Pour vérifier si cette précipitation est bien efficace pour concentrer les trois actinides, nous avons réalisé une analyse du surnageant par ICP-MS. Celui-ci a été prélevé au bout de 2 h de décantation et analysé après une dilution 20. Les rendements de précipitation obtenus sont de 99 % pour l’uranium, le plutonium et l’américium confirmant l’efficacité de la précipitation des alcalino-terreux pour la pré-concentration des actinides.

Usuellement, le temps de décantation utilisé est de deux heures. Pour une utilisation en situation de crise, avec une contrainte de temps importante (analyse en moins de 8 h minéralisation incluse), il peut être intéressant de réduire la durée de cette étape. Ainsi, nous avons voulu déterminer le temps minimum de décantation. Sur 1 L d’urine et après la minéralisation par voie humide, les phosphates d’alcalino-terreux ont été précipités et le surnageant prélevé régulièrement entre 5 min et 2 h. Compte tenu de la teneur en sel et en matière organique du surnageant, il était nécessaire de l’analyser en dilution 20 par ICP-MS pour limiter les effets de matrice. Ainsi, la concentration en américium a été multipliée par 10 lors de cette expérience, afin de faciliter la mesure. Les résultats obtenus sont représentés Figure 44.

Figure 44 : Signaux des actinides dans le surnageant en fonction du temps de décantation

On constate qu’après seulement 10 minutes, les actinides ont disparu du surnageant. 99 % de l’uranium et 96 % du plutonium et de l’américium sont ainsi co-précipités ou entraînés. Expérimentalement, pour faciliter la récupération du précipité il est nécessaire d’attendre 15 min. Cela permet de réduire significativement la durée de décantation du précipité d’alcalino-terreux contenant les actinides de 2 h à 15 min.

Les protocoles de minéralisation classiques nécessitent de récupérer ce précipité sur un filtre dit « sans cendre » puis de le calciner au four à moufle. Bien qu’efficace, cette calcination peut prendre jusqu’à 14 heures. Cette durée n’est pas adaptée à une analyse en situation de crise pour laquelle il serait nécessaire de rendre un résultat d’analyse en moins de 8 heures, minéralisation incluse. C’est pourquoi, nous avons mis au point une étape de minéralisation du précipité au four à micro-ondes.

III.2. REPRISE DU PRECIPITE ET MINERALISATION AU FOUR A MICRO-ONDES (ETAPES 3

ET 4)

III.2.1. Protocoles

Pour reprendre le précipité, le surnageant est aspiré, puis le précipité et le surnageant sont centrifugés à 4000 tr.min-1 pendant 16 min. Seul le précipité est conservé.

L’objectif de la reprise du précipité est de détruire la matière organique qui aurait pu être entraînée lors de la co-précipitation.

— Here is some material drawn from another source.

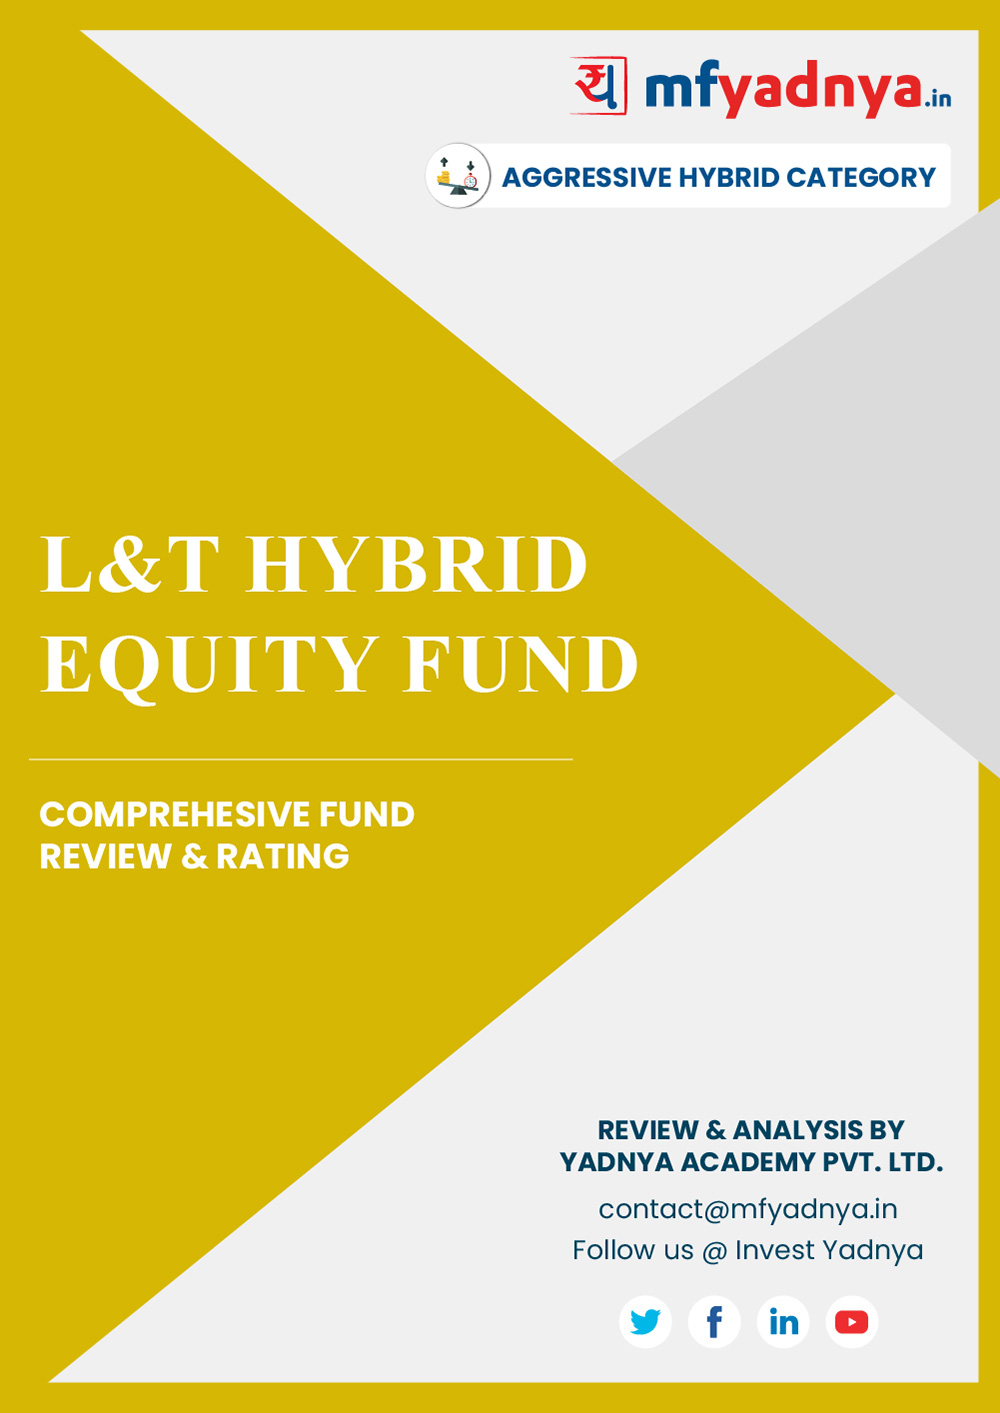 This e-book offers a comprehensive mutual fund review of L&T Equity Advantage Fund for hybrid category. It reviews the fund's return, ratio, allocation etc. ✔ Detailed Mutual Fund Analysis ✔ Latest Research Reports

Le protocole utilisé consiste à reprendre le précipité avec 30 mL de HNO3 67 % et 5 mL de H2O2 30%. La digestion au four à micro-ondes est réalisée à 200 °C pendant 30 min après une montée en température de 10 min. Le temps de refroidissement est d’environ 1 h 30 pour atteindre une température pour laquelle les réacteurs peuvent être ouverts en toute sécurité.